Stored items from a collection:
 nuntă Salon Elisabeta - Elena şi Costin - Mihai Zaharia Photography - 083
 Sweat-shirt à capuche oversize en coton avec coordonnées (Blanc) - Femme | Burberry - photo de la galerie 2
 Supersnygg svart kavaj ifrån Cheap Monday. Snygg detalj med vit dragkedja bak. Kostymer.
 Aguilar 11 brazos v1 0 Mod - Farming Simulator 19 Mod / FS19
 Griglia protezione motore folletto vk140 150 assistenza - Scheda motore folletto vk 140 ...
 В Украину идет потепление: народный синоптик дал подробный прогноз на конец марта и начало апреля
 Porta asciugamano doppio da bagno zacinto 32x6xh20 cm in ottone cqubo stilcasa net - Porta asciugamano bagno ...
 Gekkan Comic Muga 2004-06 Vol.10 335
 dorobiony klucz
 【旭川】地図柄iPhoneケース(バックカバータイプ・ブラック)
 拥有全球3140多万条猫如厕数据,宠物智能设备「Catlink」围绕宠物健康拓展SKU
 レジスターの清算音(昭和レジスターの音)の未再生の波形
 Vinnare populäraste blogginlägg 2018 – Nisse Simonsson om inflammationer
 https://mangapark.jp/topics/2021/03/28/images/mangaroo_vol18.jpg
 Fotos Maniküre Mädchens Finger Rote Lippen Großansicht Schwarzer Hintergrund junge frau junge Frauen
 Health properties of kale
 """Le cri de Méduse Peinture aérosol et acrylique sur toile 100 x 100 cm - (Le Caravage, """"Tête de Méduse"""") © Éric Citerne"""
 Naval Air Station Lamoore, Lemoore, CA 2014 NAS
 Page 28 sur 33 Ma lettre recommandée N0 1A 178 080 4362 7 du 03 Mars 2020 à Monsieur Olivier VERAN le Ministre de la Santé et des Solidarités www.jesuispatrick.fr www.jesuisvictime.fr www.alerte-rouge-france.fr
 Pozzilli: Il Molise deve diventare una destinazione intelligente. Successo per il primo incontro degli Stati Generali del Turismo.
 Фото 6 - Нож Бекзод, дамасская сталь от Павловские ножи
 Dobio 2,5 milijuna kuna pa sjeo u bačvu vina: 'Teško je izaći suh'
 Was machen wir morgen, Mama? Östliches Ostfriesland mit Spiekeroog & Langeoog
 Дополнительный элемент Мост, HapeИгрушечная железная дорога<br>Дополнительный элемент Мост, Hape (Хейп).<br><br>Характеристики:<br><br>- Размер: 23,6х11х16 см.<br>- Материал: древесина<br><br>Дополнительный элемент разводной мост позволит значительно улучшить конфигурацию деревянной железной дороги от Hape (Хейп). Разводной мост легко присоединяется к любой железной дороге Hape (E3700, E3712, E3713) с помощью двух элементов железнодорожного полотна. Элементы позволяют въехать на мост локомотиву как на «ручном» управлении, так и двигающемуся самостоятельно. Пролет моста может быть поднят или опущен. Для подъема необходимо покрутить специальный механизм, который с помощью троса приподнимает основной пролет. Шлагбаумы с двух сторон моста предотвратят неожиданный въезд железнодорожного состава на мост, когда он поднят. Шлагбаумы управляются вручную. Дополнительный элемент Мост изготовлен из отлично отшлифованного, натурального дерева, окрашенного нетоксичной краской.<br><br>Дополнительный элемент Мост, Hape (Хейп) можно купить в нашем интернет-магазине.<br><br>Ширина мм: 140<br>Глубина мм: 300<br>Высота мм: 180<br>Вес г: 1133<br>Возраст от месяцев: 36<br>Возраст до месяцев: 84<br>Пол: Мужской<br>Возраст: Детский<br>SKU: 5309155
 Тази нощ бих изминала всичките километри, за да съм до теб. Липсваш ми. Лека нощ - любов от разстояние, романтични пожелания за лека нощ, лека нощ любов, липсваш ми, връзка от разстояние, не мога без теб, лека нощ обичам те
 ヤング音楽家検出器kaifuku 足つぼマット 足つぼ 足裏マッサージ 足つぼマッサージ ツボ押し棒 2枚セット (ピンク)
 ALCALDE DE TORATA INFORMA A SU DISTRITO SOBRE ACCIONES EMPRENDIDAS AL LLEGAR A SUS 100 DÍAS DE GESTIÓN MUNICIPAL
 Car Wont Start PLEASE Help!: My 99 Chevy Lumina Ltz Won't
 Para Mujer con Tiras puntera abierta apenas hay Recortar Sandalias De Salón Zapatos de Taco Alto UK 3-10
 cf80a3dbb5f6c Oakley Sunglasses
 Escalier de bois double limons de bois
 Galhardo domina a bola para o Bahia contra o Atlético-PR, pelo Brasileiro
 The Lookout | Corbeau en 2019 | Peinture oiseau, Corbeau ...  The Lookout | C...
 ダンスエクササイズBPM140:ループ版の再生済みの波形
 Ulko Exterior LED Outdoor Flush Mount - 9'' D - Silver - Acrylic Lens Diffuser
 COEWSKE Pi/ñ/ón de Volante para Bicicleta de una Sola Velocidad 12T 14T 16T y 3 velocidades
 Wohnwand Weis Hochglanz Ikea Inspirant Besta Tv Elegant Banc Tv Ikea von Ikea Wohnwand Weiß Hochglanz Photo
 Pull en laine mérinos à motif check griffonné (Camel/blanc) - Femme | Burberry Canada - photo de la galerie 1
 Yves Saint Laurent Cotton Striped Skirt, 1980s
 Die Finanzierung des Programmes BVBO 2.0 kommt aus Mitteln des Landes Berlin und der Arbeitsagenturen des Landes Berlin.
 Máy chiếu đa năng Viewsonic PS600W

**Task goal**
What are the lines above, starting at the one with "Para Mujer con" and ending at the one with "COEWSKE Pi/ñ/ón de"? Give them again exactly, and only them.

**The answer**
 Para Mujer con Tiras puntera abierta apenas hay Recortar Sandalias De Salón Zapatos de Taco Alto UK 3-10
 cf80a3dbb5f6c Oakley Sunglasses
 Escalier de bois double limons de bois
 Galhardo domina a bola para o Bahia contra o Atlético-PR, pelo Brasileiro
 The Lookout | Corbeau en 2019 | Peinture oiseau, Corbeau ...  The Lookout | C...
 ダンスエクササイズBPM140:ループ版の再生済みの波形
 Ulko Exterior LED Outdoor Flush Mount - 9'' D - Silver - Acrylic Lens Diffuser
 COEWSKE Pi/ñ/ón de Volante para Bicicleta de una Sola Velocidad 12T 14T 16T y 3 velocidades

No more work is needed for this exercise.